* **Data excerpt**
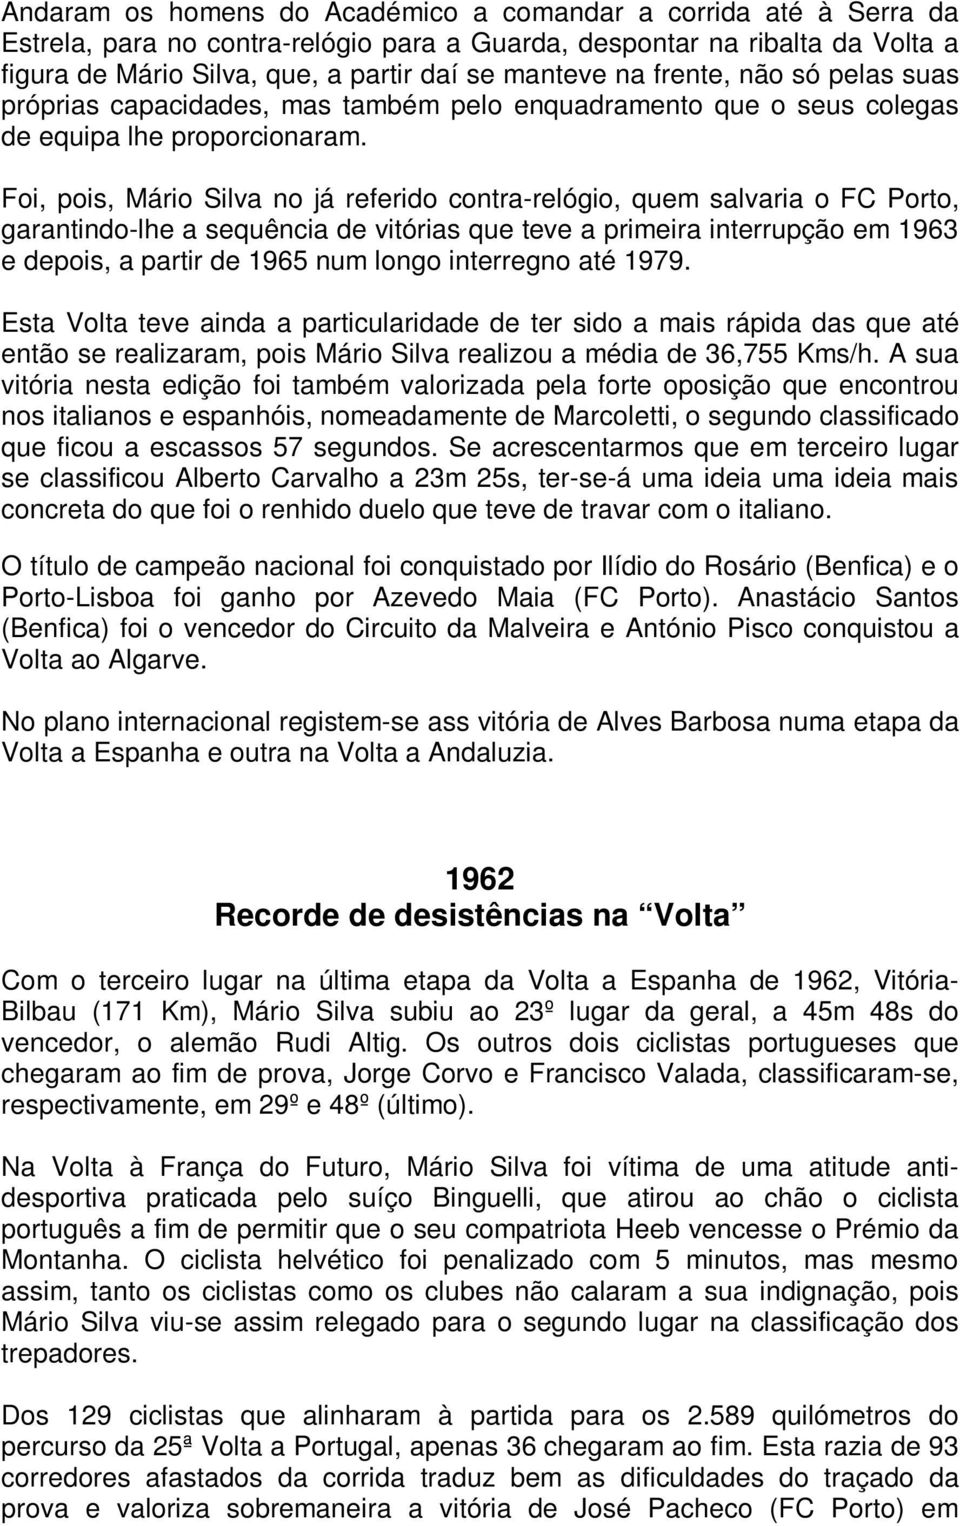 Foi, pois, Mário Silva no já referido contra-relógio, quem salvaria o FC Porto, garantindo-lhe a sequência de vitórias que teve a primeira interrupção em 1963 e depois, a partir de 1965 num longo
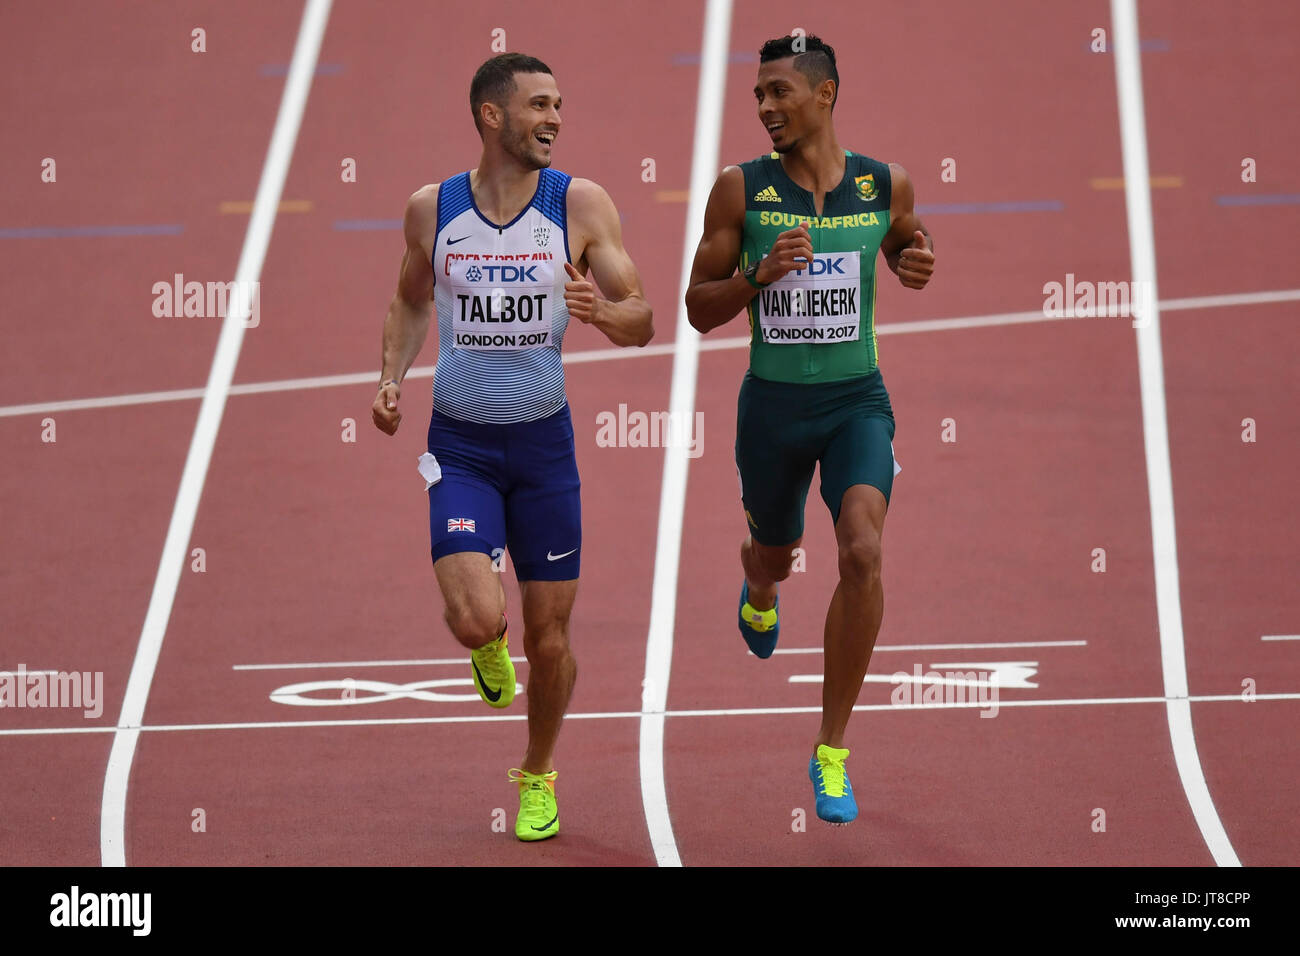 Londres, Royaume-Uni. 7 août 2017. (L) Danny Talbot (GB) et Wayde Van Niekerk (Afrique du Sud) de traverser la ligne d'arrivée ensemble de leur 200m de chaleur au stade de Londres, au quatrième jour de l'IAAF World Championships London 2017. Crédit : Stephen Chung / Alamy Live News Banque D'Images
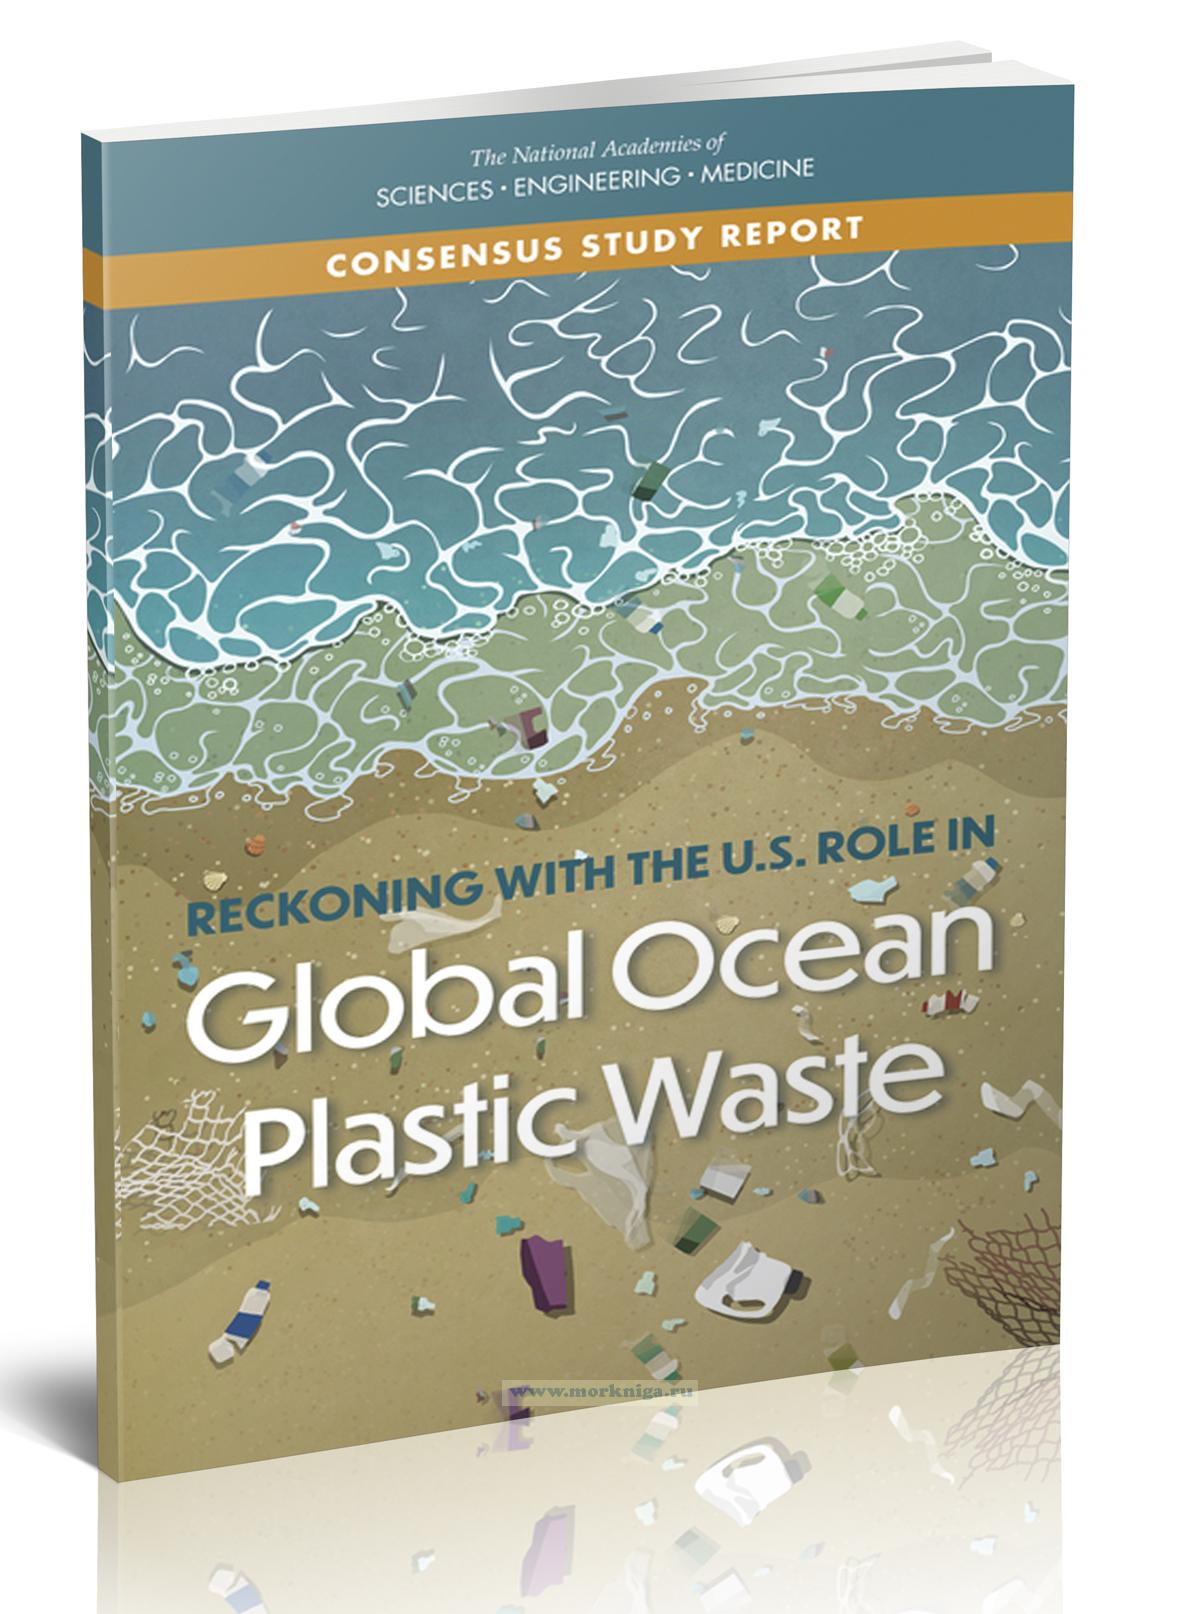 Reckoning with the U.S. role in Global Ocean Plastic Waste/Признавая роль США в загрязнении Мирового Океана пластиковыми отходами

* **Exercise objective**
Copy the listing above in full and exactly, but omit each picture that it holds.

* **Task answer**
 Foi, pois, Mário Silva no já referido contra-relógio, quem salvaria o FC Porto, garantindo-lhe a sequência de vitórias que teve a primeira interrupção em 1963 e depois, a partir de 1965 num longo
 Londres, Royaume-Uni. 7 août 2017. (L) Danny Talbot (GB) et Wayde Van Niekerk (Afrique du Sud) de traverser la ligne d'arrivée ensemble de leur 200m de chaleur au stade de Londres, au quatrième jour de l'IAAF World Championships London 2017. Crédit : Stephen Chung / Alamy Live News Banque D'Images
 Reckoning with the U.S. role in Global Ocean Plastic Waste/Признавая роль США в загрязнении Мирового Океана пластиковыми отходами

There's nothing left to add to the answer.